- Source data:
┌──

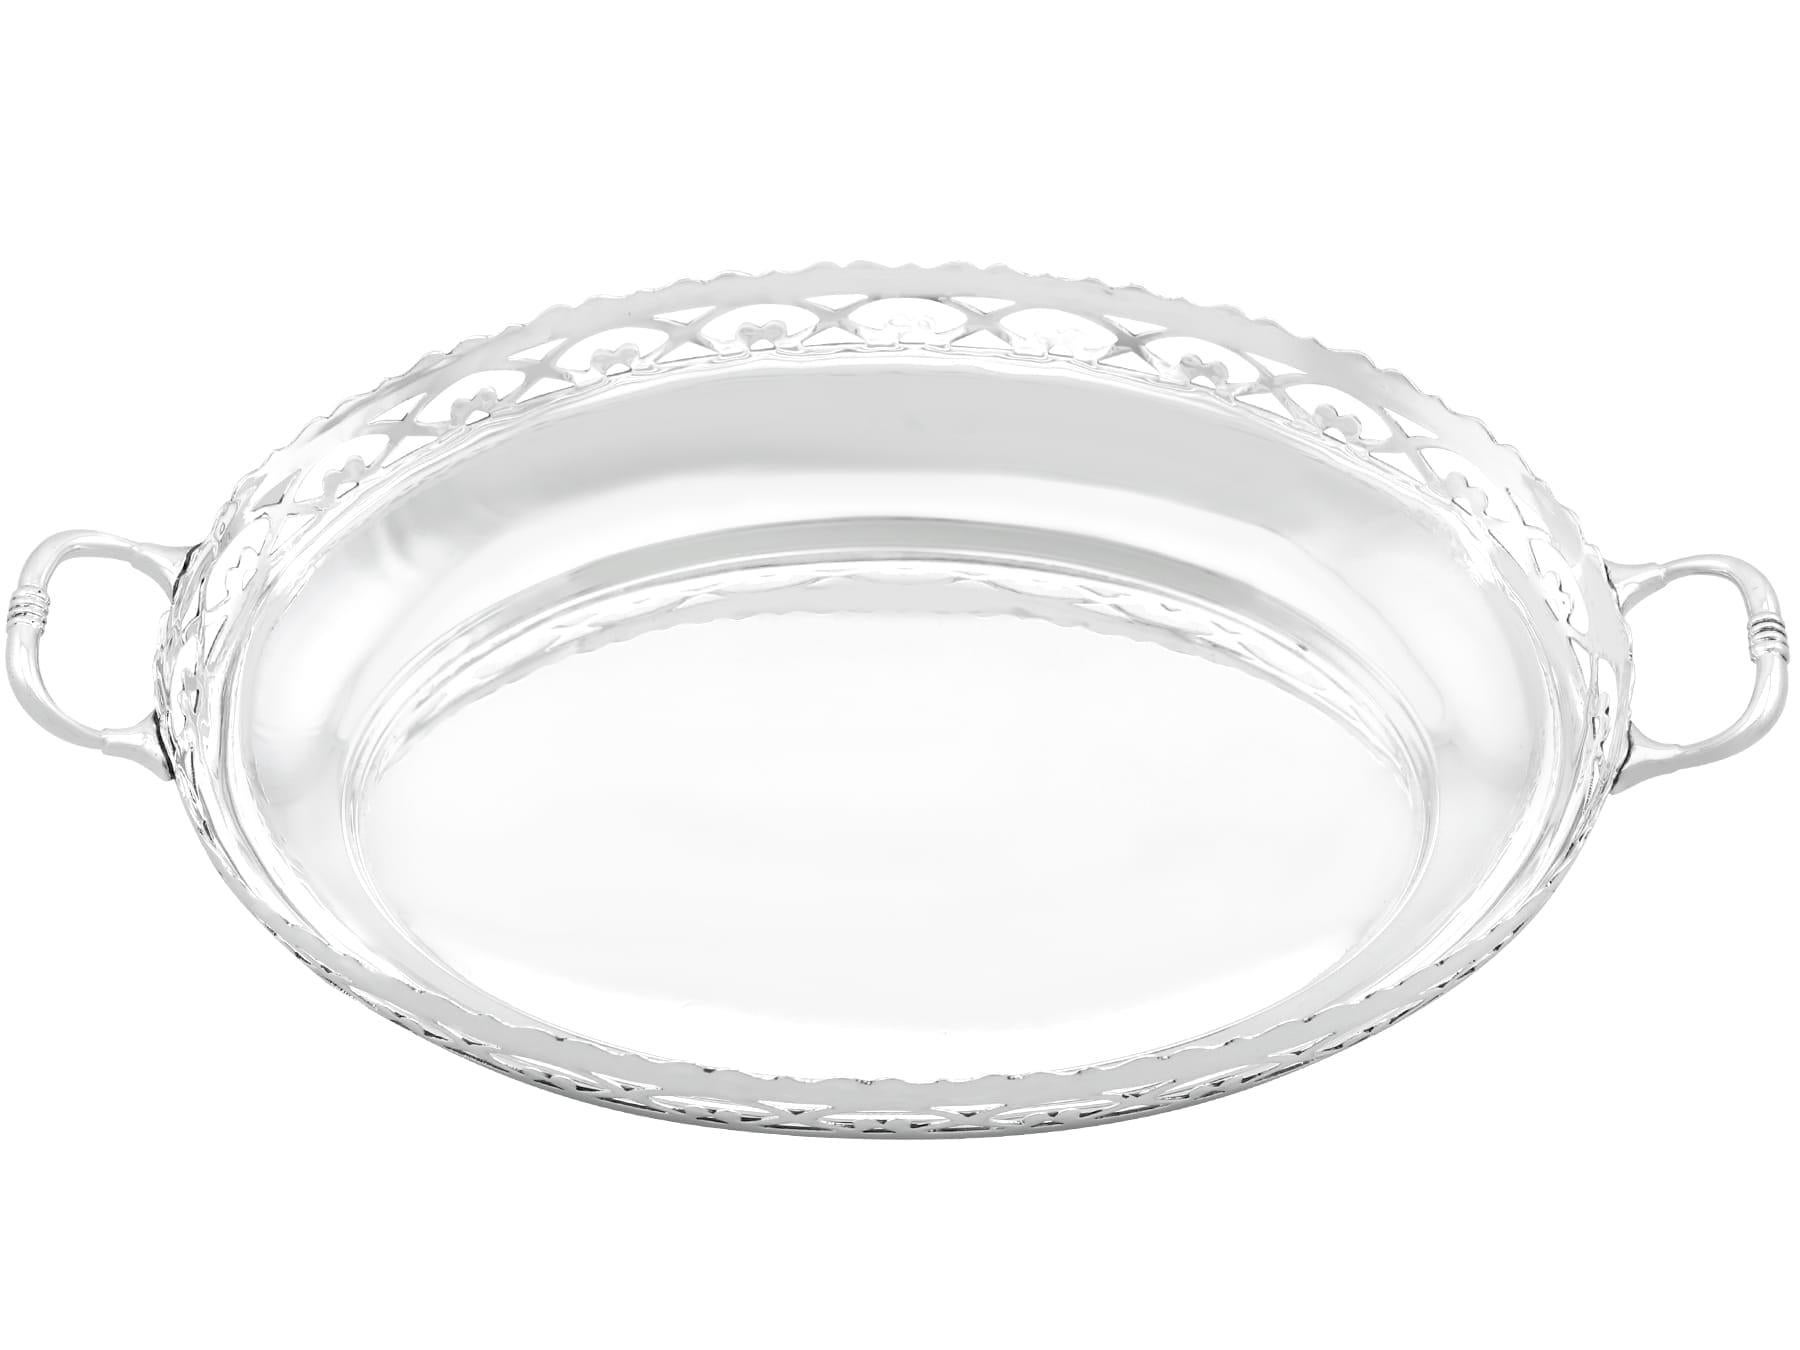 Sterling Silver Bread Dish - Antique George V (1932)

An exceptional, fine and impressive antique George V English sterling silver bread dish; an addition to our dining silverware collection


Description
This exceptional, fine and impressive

└──

- To do: Taking each line of the material above in turn, count those containing the string "fine". State the number alone.

- Answer for the task: 2